For e.g. 1st column of A is [0, 0, 0, 5] (transposed). We can consider each element as the y-coordinate corresponding to x = 1, 2, 3 & 4. So we get 4 sets of points - (1,0), (2,0), (3,0), (4,5) - this is an arbitrary interpretion we use to convert the R1CS into the QAP form.

We can find the polynomial passing through these 4 points using Lagrange Interpolation.

I am using sagemath to do this

R.<x> = PolynomialRing(RR)
points = [(1,0), (2,0), (3,0), (4,5)]
R.lagrange_polynomial(points)
$0.833333333333333 * x^3 - 5.00000000000000 * x^2 + 9.16666666666667 * x - 5.00000000000000$

So the first column of A has been transformed into a polynomial. We write the co-efficients of the polynomial as a vector/list

R.lagrange_polynomial(points).coefficients()
[-5.00000000000000, 9.16666666666667, -5.00000000000000, 0.833333333333333]

Likewise for the 2nd column of A

points = [(1,1), (2,0), (3,1), (4,0)]
R.lagrange_polynomial(points).coefficients()
[8.00000000000000, -11.3333333333333, 5.00000000000000, -0.666666666666667]

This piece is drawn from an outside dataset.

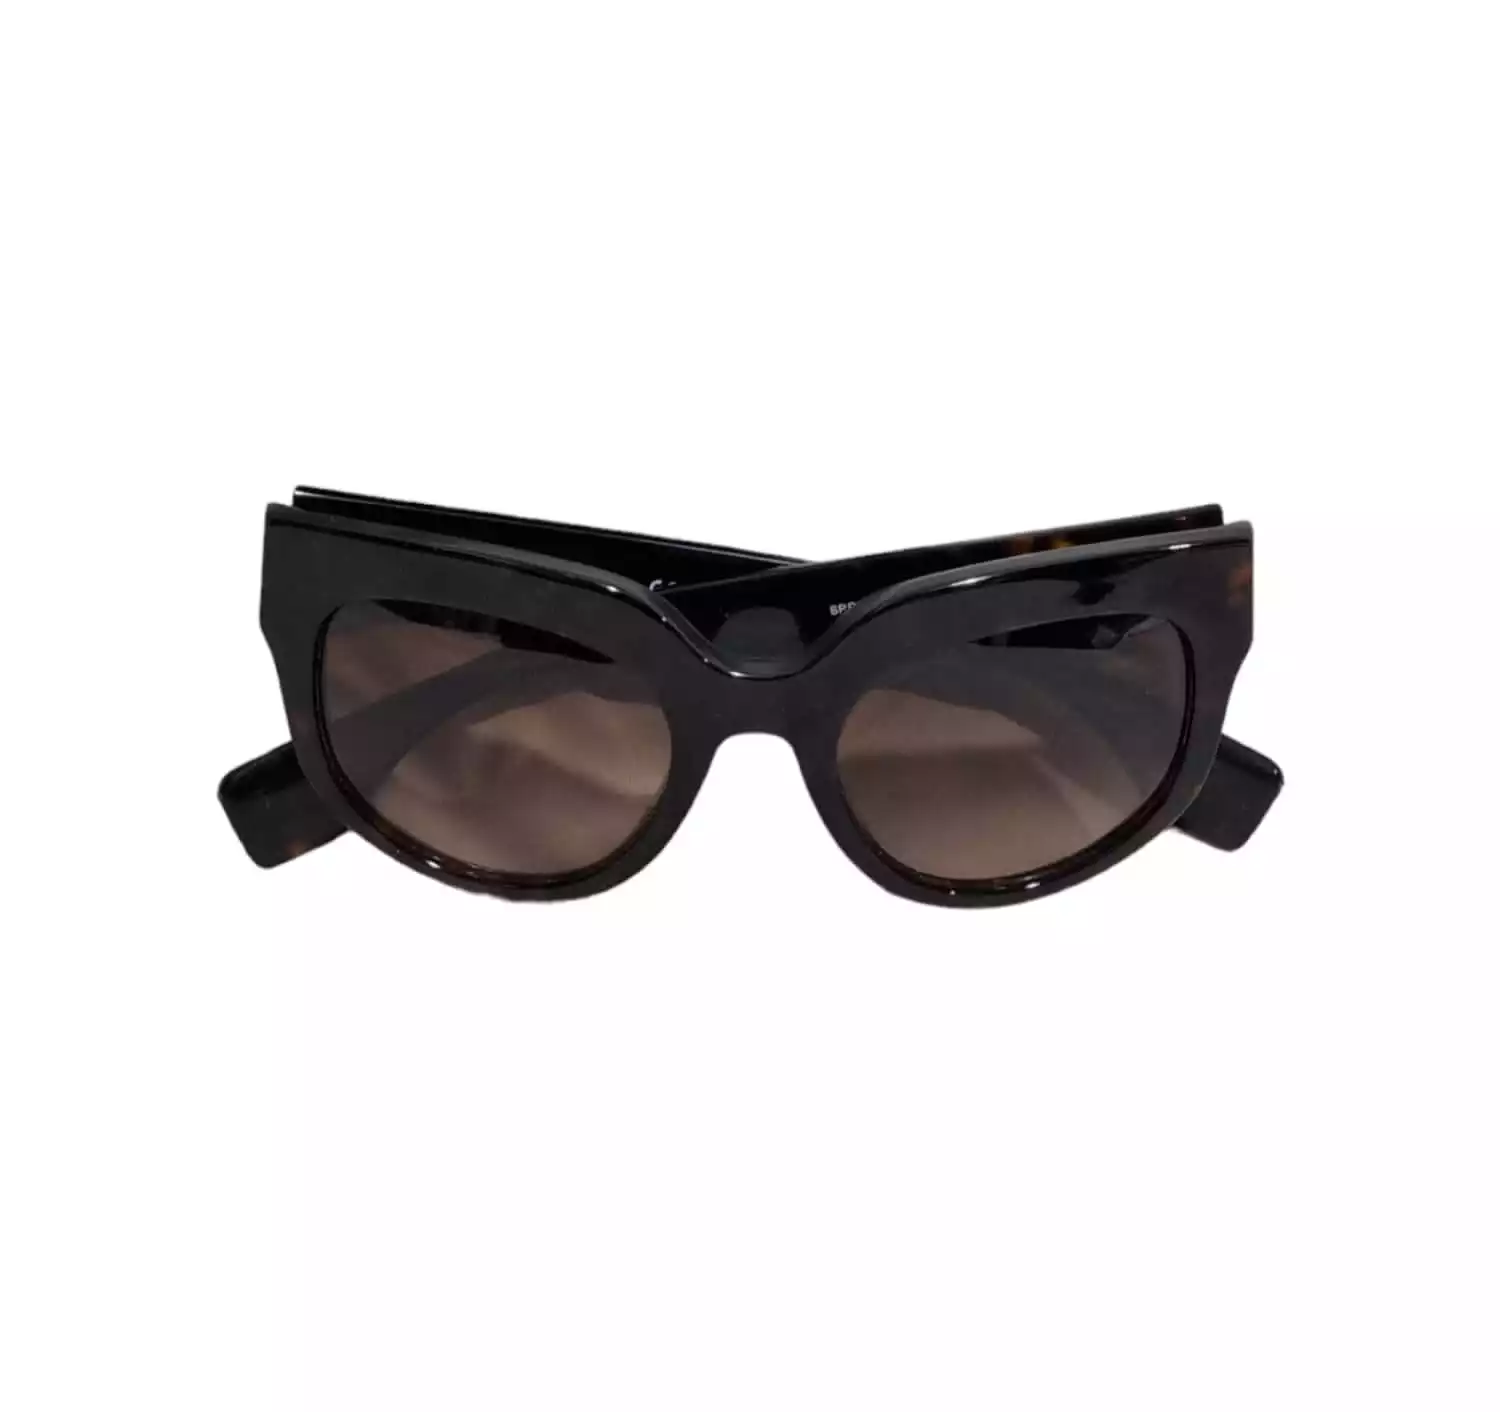 Sunglasses by Prada
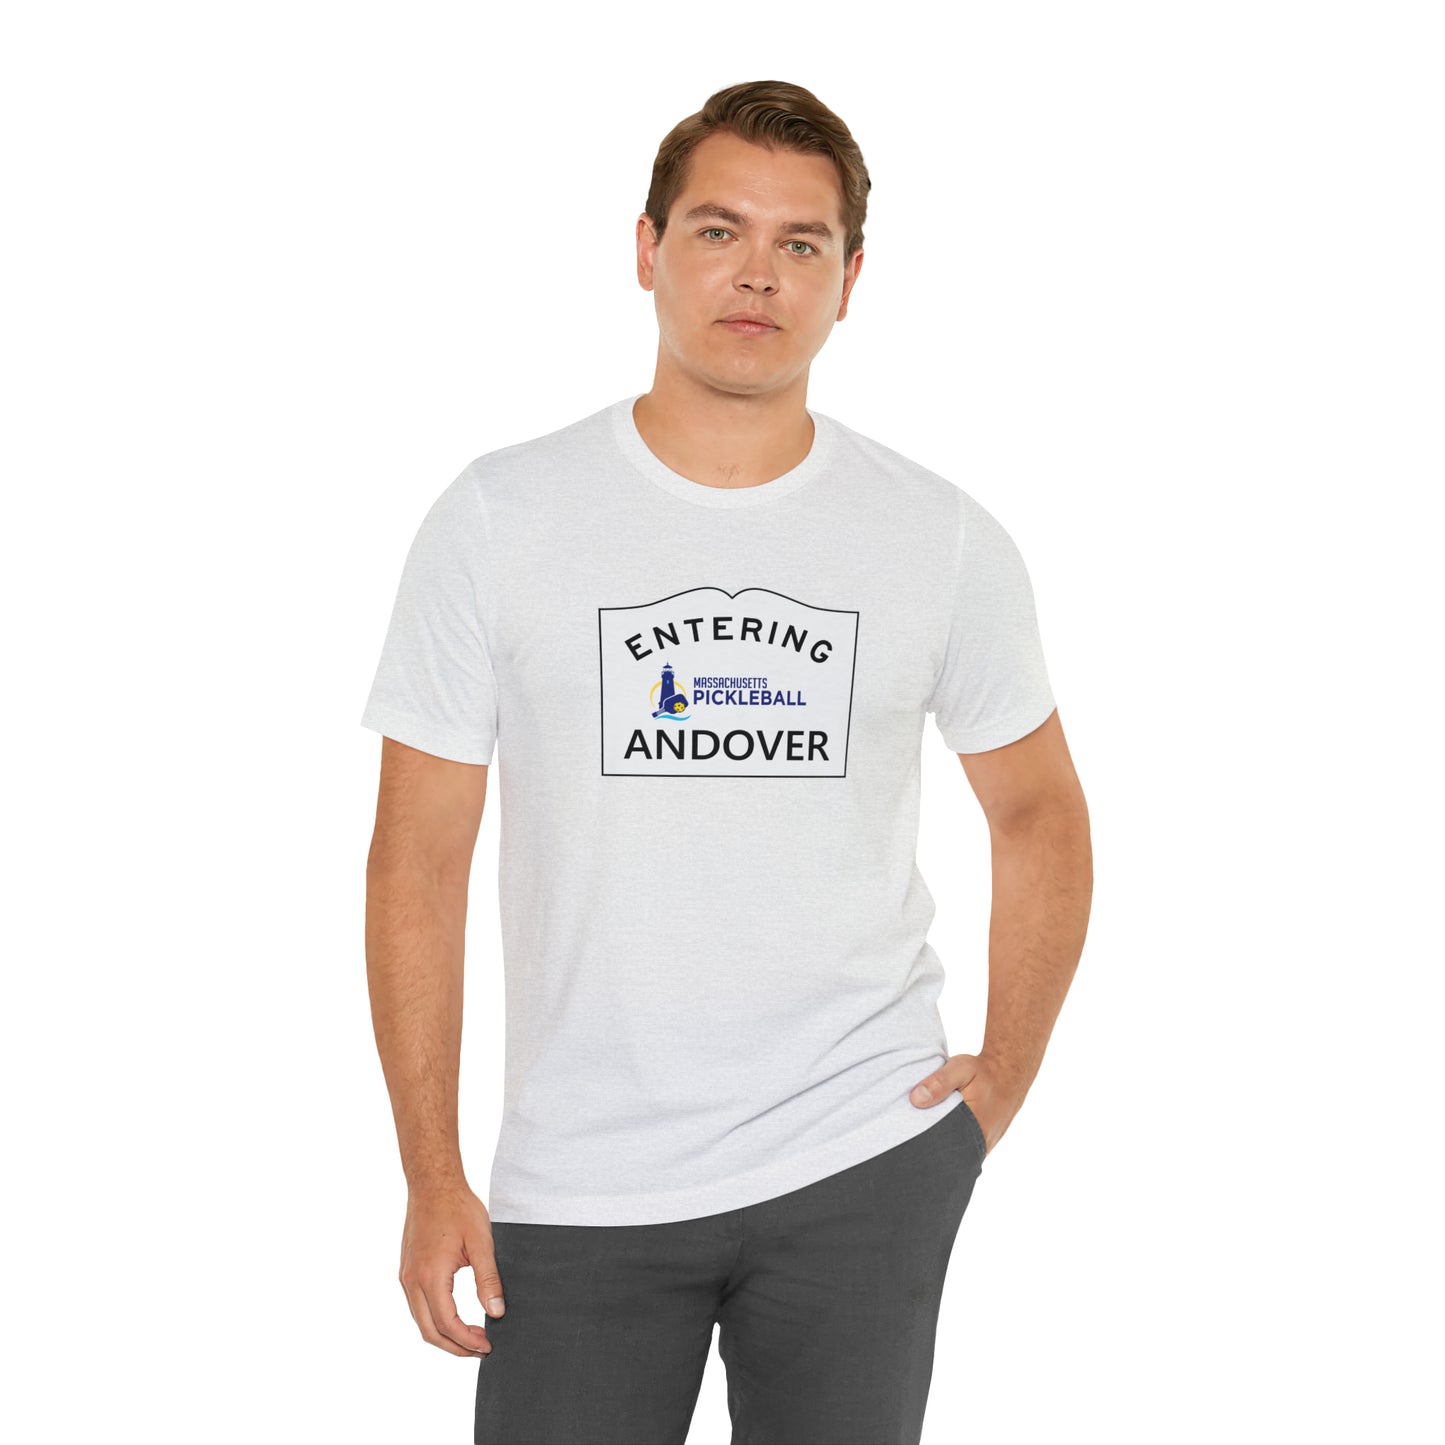 Andover, Mass Pickleball Short Sleeve T-Shirt

We have 3 matrices with 6 columns each, so we get 18 polynomials each with 4 coefficients.

A polynomials

$[-5.0, 9.166, -5.0, 0.833]$

$[8.0, -11.333, 5.0, -0.666]$

$[0.0, 0.0, 0.0, 0.0]$

$[-6.0, 9.5, -4.0, 0.5]$

$[4.0, -7.0, 3.5, -0.5]$

$[-1.0, 1.833, -1.0, 0.166]$

B polynomials

$[3.0, -5.166, 2.5, -0.333]$

$[-2.0, 5.166, -2.5, 0.333]$

$[0.0, 0.0, 0.0, 0.0]$

$[0.0, 0.0, 0.0, 0.0]$

$[0.0, 0.0, 0.0, 0.0]$

$[0.0, 0.0, 0.0, 0.0]$

C polynomials

$[0.0, 0.0, 0.0, 0.0]$

$[0.0, 0.0, 0.0, 0.0]$

$[-1.0, 1.833, -1.0, 0.166]$

$[4.0, -4.333, 1.5, -0.166]$

$[-6.0, 9.5, -4.0, 0.5]$

$[4.0, -7.0, 3.5, -0.5]$

This finishes the transformation of the problem to the QAP Form. Instead of checking the constraints in the R1CS individually, we can now check all of the constraints at the same time by doing a dot product check on the polynomials. This will be covered in a separate post.